In 1207 Adolf von Altena was in Rome, where he tried against his successor and fought for his reinstatement as archbishop - without success. Only the murder of Philip of Swabia (21 June 1208) and the changed political situation led to a submission to the pope and a recognition of his successor for himself and his followers, for which he received an annual pension of 250 marks. Adolf, from then until his death, was active in the archdiocese of Cologne as an auxiliary bishop. However his see was not returned to him.

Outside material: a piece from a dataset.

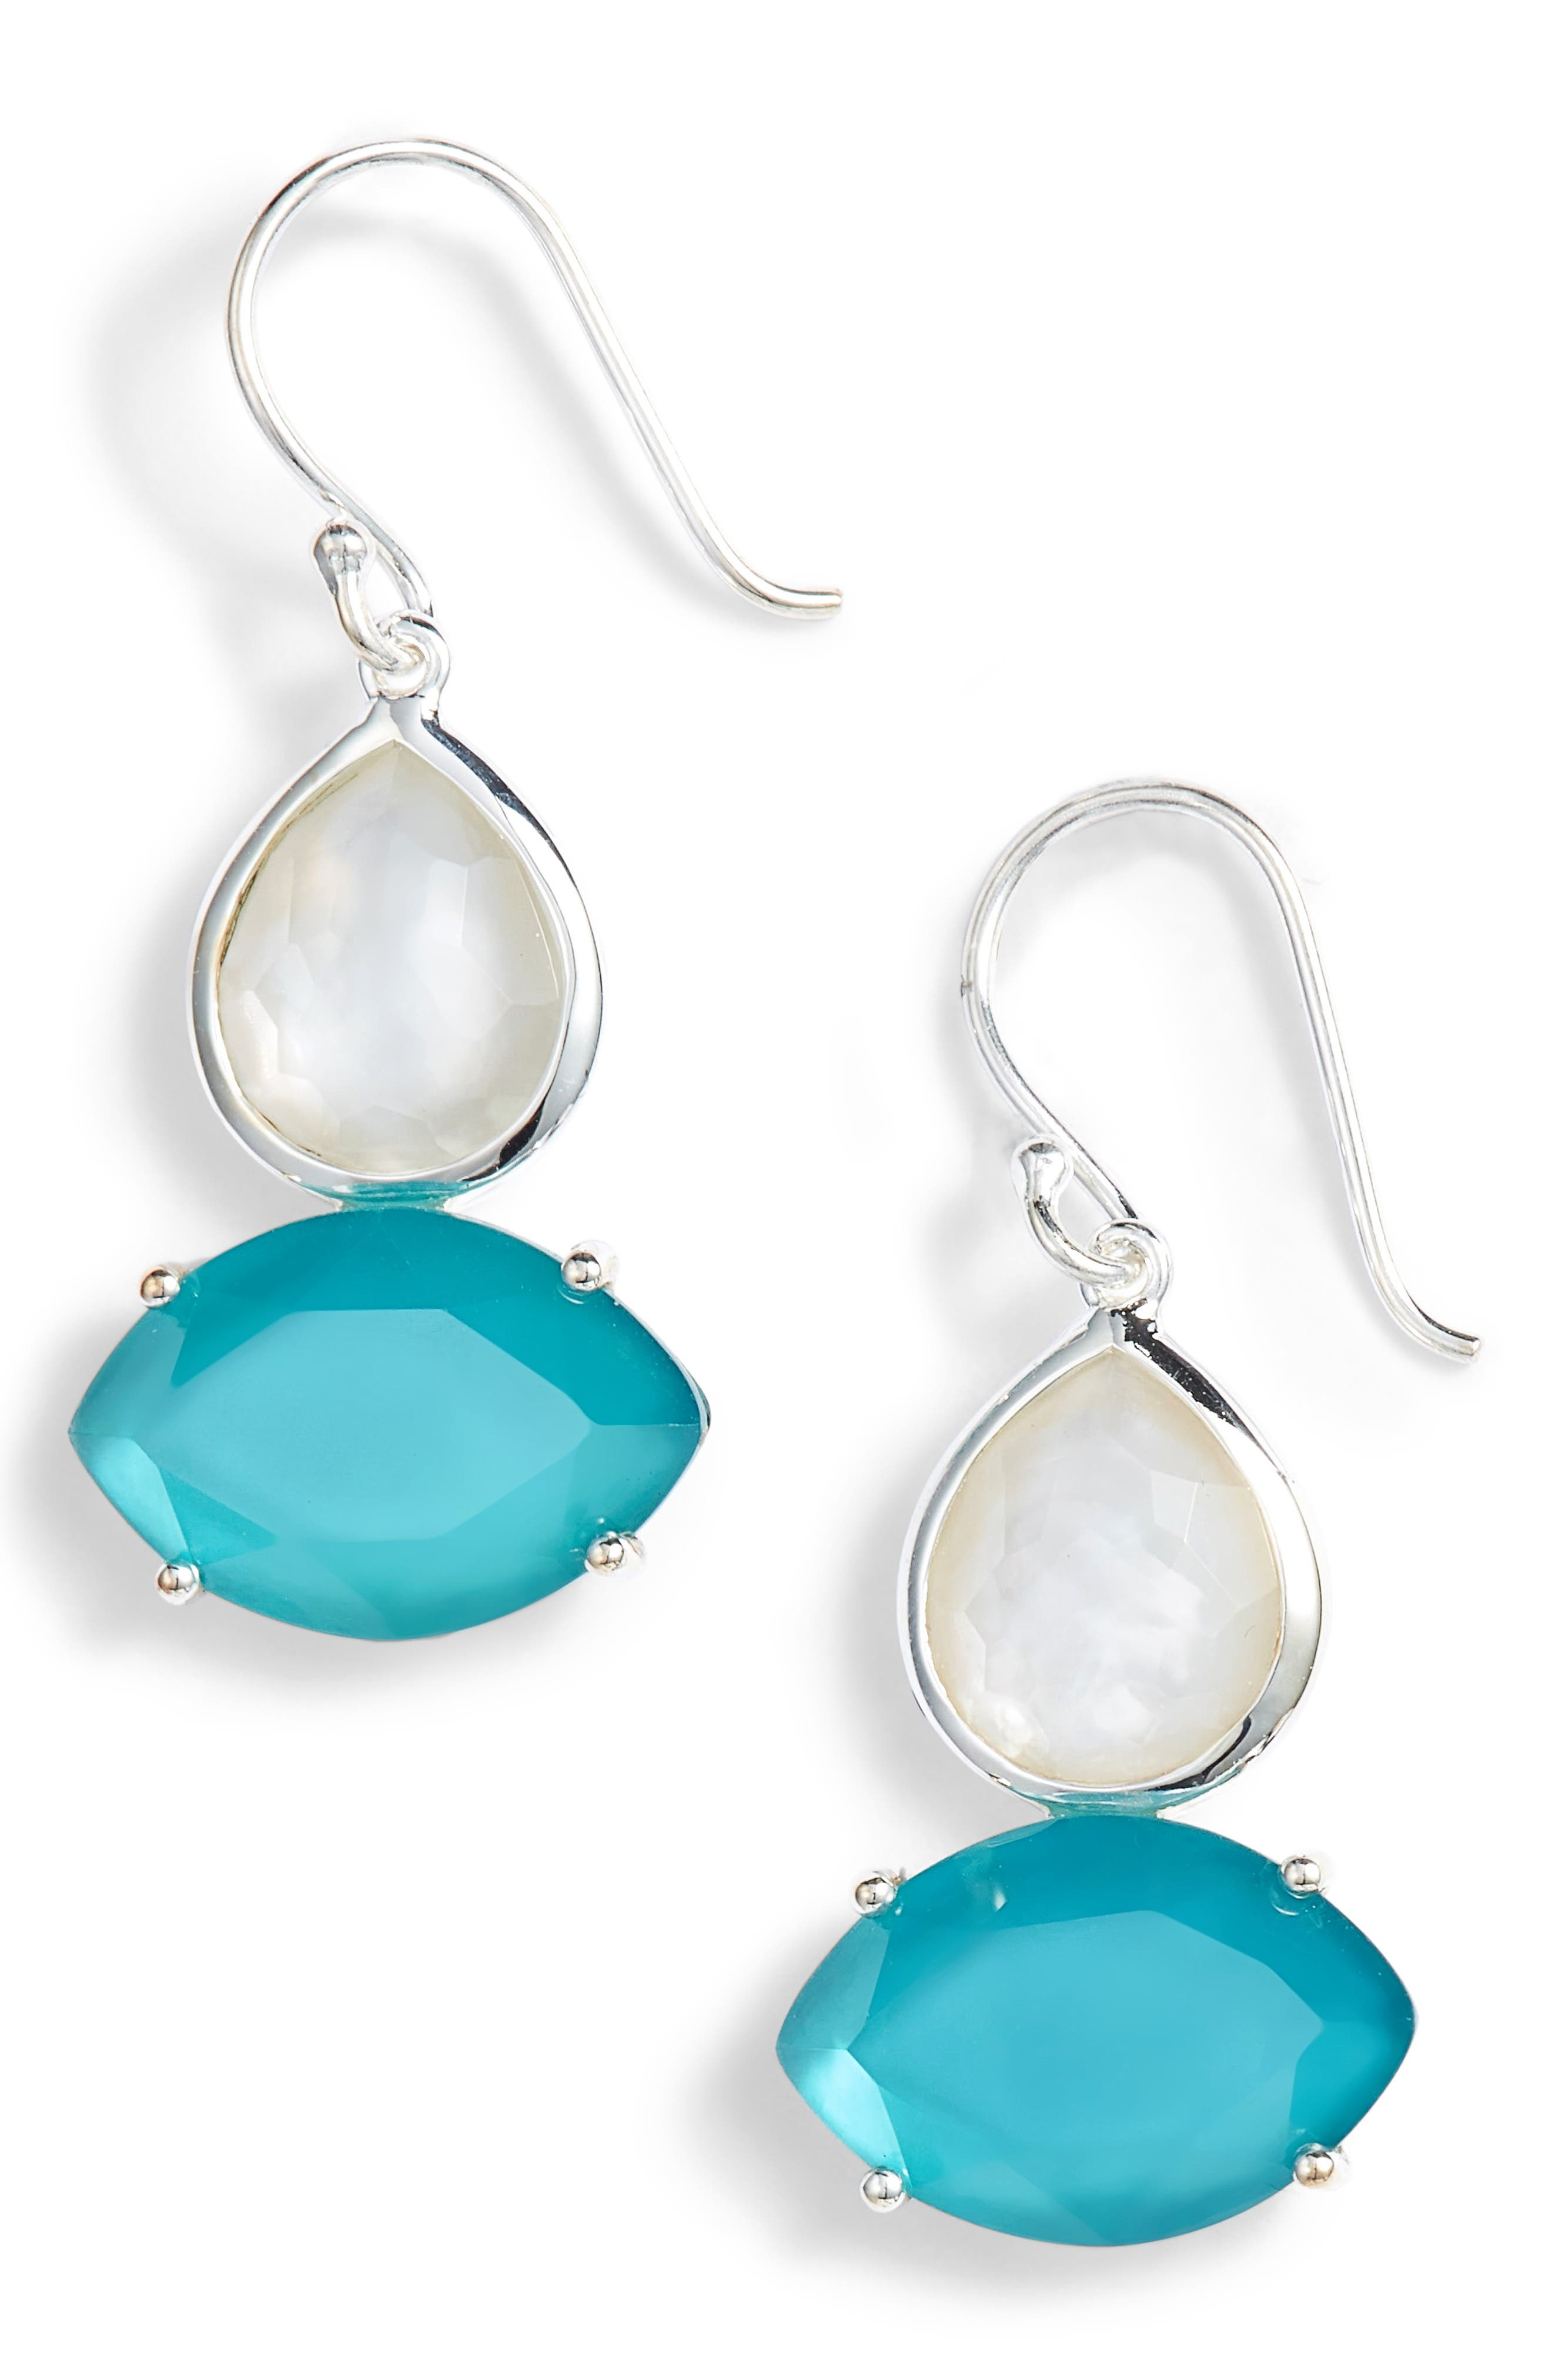 Wonderland 2-Stone Drop Earrings,                             Main thumbnail 1, color,                             BLUE/ MOP

Dietrich I von Hengebach was deposed by the papal legate, and in March 1212 he was appointed to head the diocese. While initially holding this to be reinstated, he soon realized that it was just a provisional lead. In fact, the Archdiocese was again in the schism, especially since Adolf now argued with Dietrich von Hengebach before the Pope for reinstatement. The verdict was in 1216 and in Cologne it came again to the election of the bishop. The new archbishop became his successor as cathedral provost, Engelbert II of Berg. He was one of his relatives and had always supported him during the time of the schism, including by handing over goods from the cathedral chapter.

Until his death, in 1220, Adolf was again active as auxiliary bishop in the archbishopric of Cologne. He died on 15 April 1220 in Neuss.

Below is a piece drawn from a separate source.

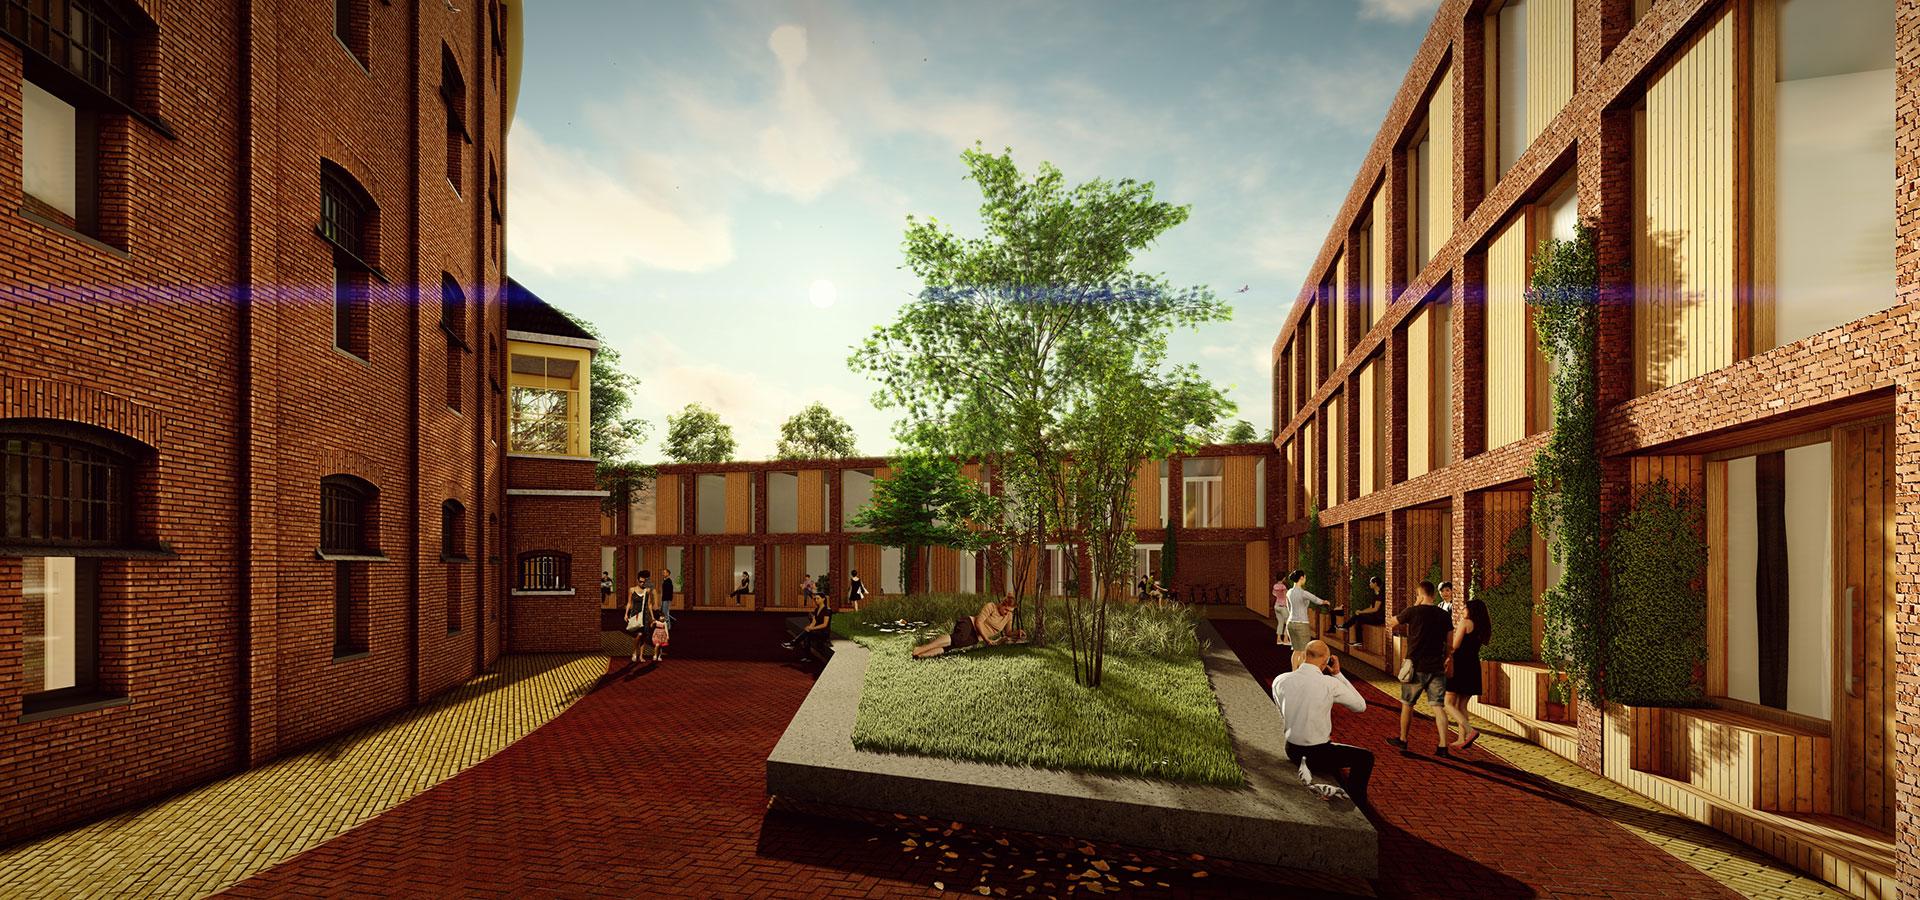 FARO architecten Koepel Haarlem 01

Adolf of Altena Counts of AltenaBorn: c. 1157 Died: 15 April 1220 in Neuss
Catholic Church titles
Regnal titles
| Preceded byBruno III of Berg | Archbishop of Cologne and Duke of Westphalia and Angria 1193–1205 | Succeeded byBruno IV von Sayn |

==Literature==
- Wilhelm Janssen: Das Erzbistum Köln im späten Mittelalter 1191–1515. Erster Teil (Geschichte des Erzbistums Köln, Zweiter Band). Bachem, Köln 1995, ISBN 3-7616-1149-8.
- Hugo Stehkämper: Der Kölner Erzbischof Adolf von Altena und die deutsche Königswahl (1195–1205). In: Theodor Schieder (Hrsg.): Beiträge zur Geschichte des mittelalterlichen deutschen Königtums. Oldenbourg, München 1973, S. 5–83.
- Alfred Winkelmann: Adolf I. (Archbishop of Cologne). In: (ADB). Volume 1, Duncker & Humblot, Leipzig 1875, pp. 115–117.
- Genealogische Handbuch des Adels, Gräfliche Häuser A Band II, 1955;
- W. Gf v. Limburg Stirum, "Stamtafel der Graven van Limburg Stirum", 's Gravenhage 1878;
- A.M.H.J. Stokvis, "Manuel d'Histoire, de Genealogie et de Chronologie de tous les États du Globe", Tome III, Leiden 1890-93;
- W. K. Prins v. Isenburg, "Stammtafeln zur Geschichte der Europaischen Staaten", 2. Aufl., Marburg/Lahn, 1953.